Create corpus from XML documents in Stage 2 folder

In [22]:
xml_update_files = glob.glob(import_xml_path + r'/*.xml')

xml_update = {}
for longname in xml_update_files:
    f = open(longname)
    txt = f.read()
    f.close()
    start = os.path.basename(longname)
    short = os.path.splitext(start)
    xml_update[short[0]] = txt

xml_update.keys()

dict_keys(['ser193', 'ser187', 'ser811', 'ser596', 'ser970', 'ser958', 'ser179', 'ser812', 'ser621', 'ser972', 'ser967', 'ser973', 'ser813', 'ser817', 'ser963', 'ser988', 'ser989', 'ser816', 'ser814', 'ser960', 'ser237', 'ser961', 'ser626', 'ser183', 'ser815', 'ser906', 'ser537', 'ser898', 'ser1004', 'ser1006', 'ser939', 'ser84', 'ser905', 'ser904', 'ser85', 'ser938', 'ser91', 'ser1003', 'ser81', 'ser80', 'ser929', 'ser108', 'ser877', 'ser903', 'ser97', 'ser902', 'ser876', 'ser106', 'ser105', 'ser72', 'ser501', 'ser110', 'ser706', 'ser842', 'ser937', 'ser843', 'ser857', 'ser818', 'ser944', 'ser993', 'ser561', 'ser212', 'ser560', 'ser945', 'ser979', 'ser990', 'ser991', 'ser952', 'ser215', 'ser809', 'ser808'])

# The Updater

Loop blueprint:
- Create new Dataframe for new data to be exported.
- Loop through xml corpus (i.e. a dictionary of XML files).
    - Create BeautifulSoup object for that XML document
    - When encounter an empty tag (e.g. `<location>placename</location>`)
        - check the place name against database CSV file of location names and id codes:
            - if there's a unique match (only one value for the place name string), replace: `<location id ="serial_no" flag = "auto">placename</location>`
                - Multiple place name variants with the same UID should be fine.
            - if one place name string has multiple UIDs (e.g. Samarkand province vs. Samarkand city):
                - flag for manual examination w/o guessing UID, i.e. replace: `<location flag = "check">placename</location>
            - if no match, then:
                - Tag with an auto-generated ID
                - flag for manual examination, i.e. replace: `<location id = "(auto-generated UID)" flag = "check">placename</location>
                - extract placename to csv file for import into database: 
                    - `(auto-generated new UI`, `(extracted string data)`, 'extracted'
    - Archive and rename the originating XML file in archive folder.
    - Save updated version XML file in separate file.
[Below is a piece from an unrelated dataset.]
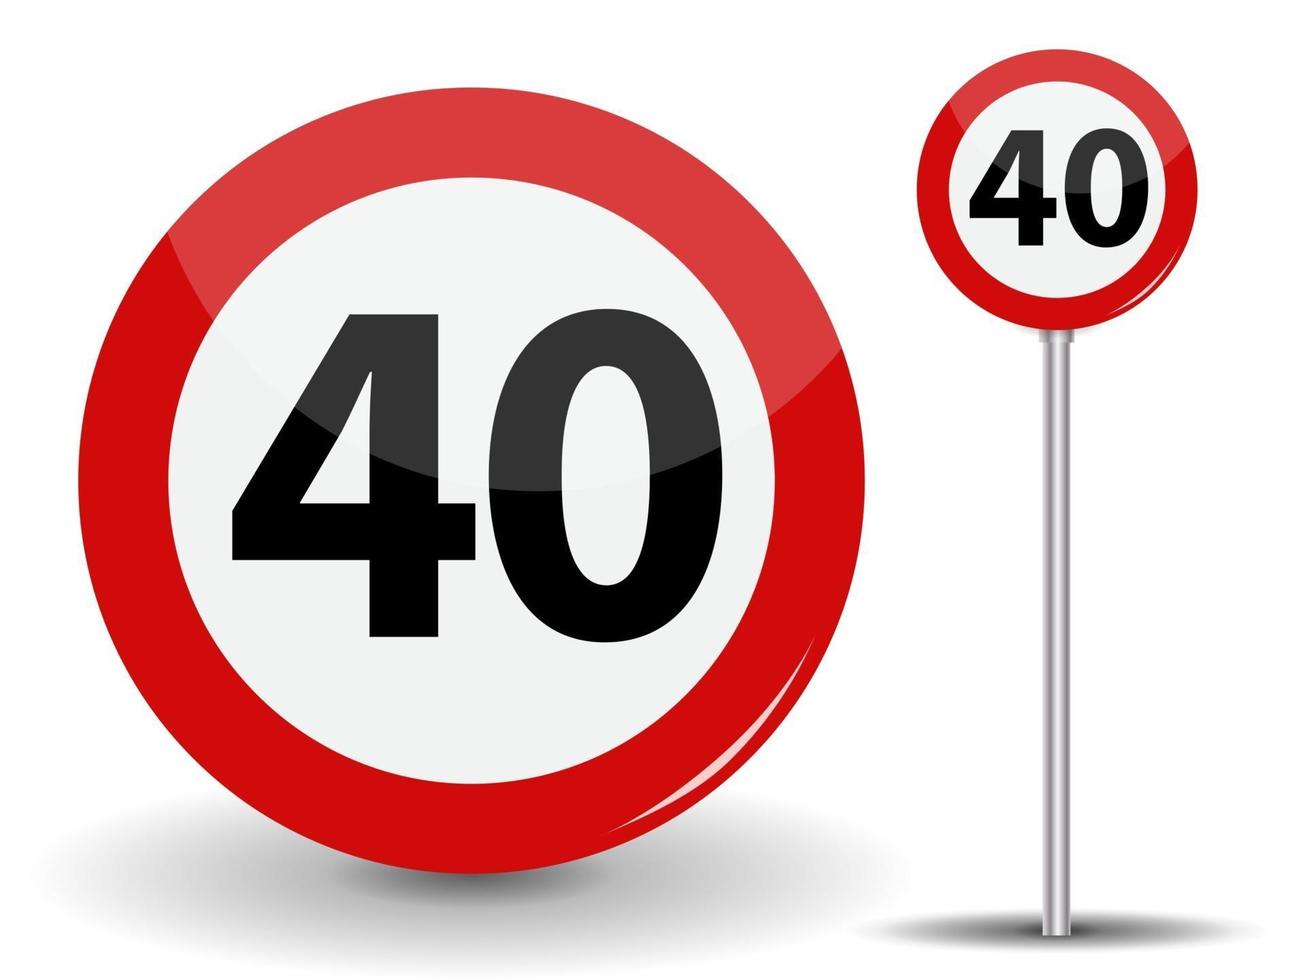 Señal de carretera roja redonda límite de velocidad de 40 kilómetros por hora vector

### Testing Constituent Parts of the Updater Loop

In [23]:
with open("test_case.xml") as f:
        txt = f.read()

In [24]:
tree = BeautifulSoup(txt)

*Check if location is in database* 

In [25]:
for loc in tree.find_all("location"):
    if db_locs['name'].str.contains(loc.get_text()).any():
        print ("yes: ", loc.get_text())
    else:
        print ("no: ", loc.get_text())

yes:  بلجوان
yes:  بخارا
yes:  بخارا
yes:  ده نو
yes:  ده نو
yes:  ثمرقند
yes:  ثمرقند
no:  فیض اباد
no:  فیض اباد


*Check if location is in database* and *there is only one UID* 

In [26]:
for loc in tree.find_all("location"):
    text = loc.get_text()
    match = db_locs['name'].str.contains(text)
    num = len(match.value_counts(True))
    if num > 1:
        print('multiple_ids: ', text)


multiple_ids:  بلجوان
multiple_ids:  بخارا
multiple_ids:  بخارا
multiple_ids:  ده نو
multiple_ids:  ده نو
multiple_ids:  ثمرقند
multiple_ids:  ثمرقند


*Show the various categories*

In [27]:
for loc in tree.find_all("location"):
    text = loc.get_text()
    # First ignore tags that have already been given an attribute ID
    if loc.has_attr("id"):
        print("tag id already entered: ", text)
    # Then look at all tags that lack an ID
    elif loc.has_attr("id")==False:
        match = db_locs[db_locs['name'].str.contains(text)]
        num = len(match)
        if num > 1:
            print('multiple_ids: ', text)
        elif num == 1:
            print('unique:', text)
        else:
            print('no: ', text)

multiple_ids:  بلجوان
multiple_ids:  بخارا
tag id already entered:  بخارا
unique: ده نو
tag id already entered:  ده نو
unique: ثمرقند
tag id already entered:  ثمرقند
no:  فیض اباد
no:  فیض اباد


*Export data for updating database*

In [28]:
# Gazetteer
loc_export = pd.DataFrame(columns=['UID', 'Name', 'Tags'])
# Gazetteer-Bibliography relational file
loc_bib_relational = pd.DataFrame(columns=['Loc_ID', 'Doc_ID', 'Type', 'Tags'])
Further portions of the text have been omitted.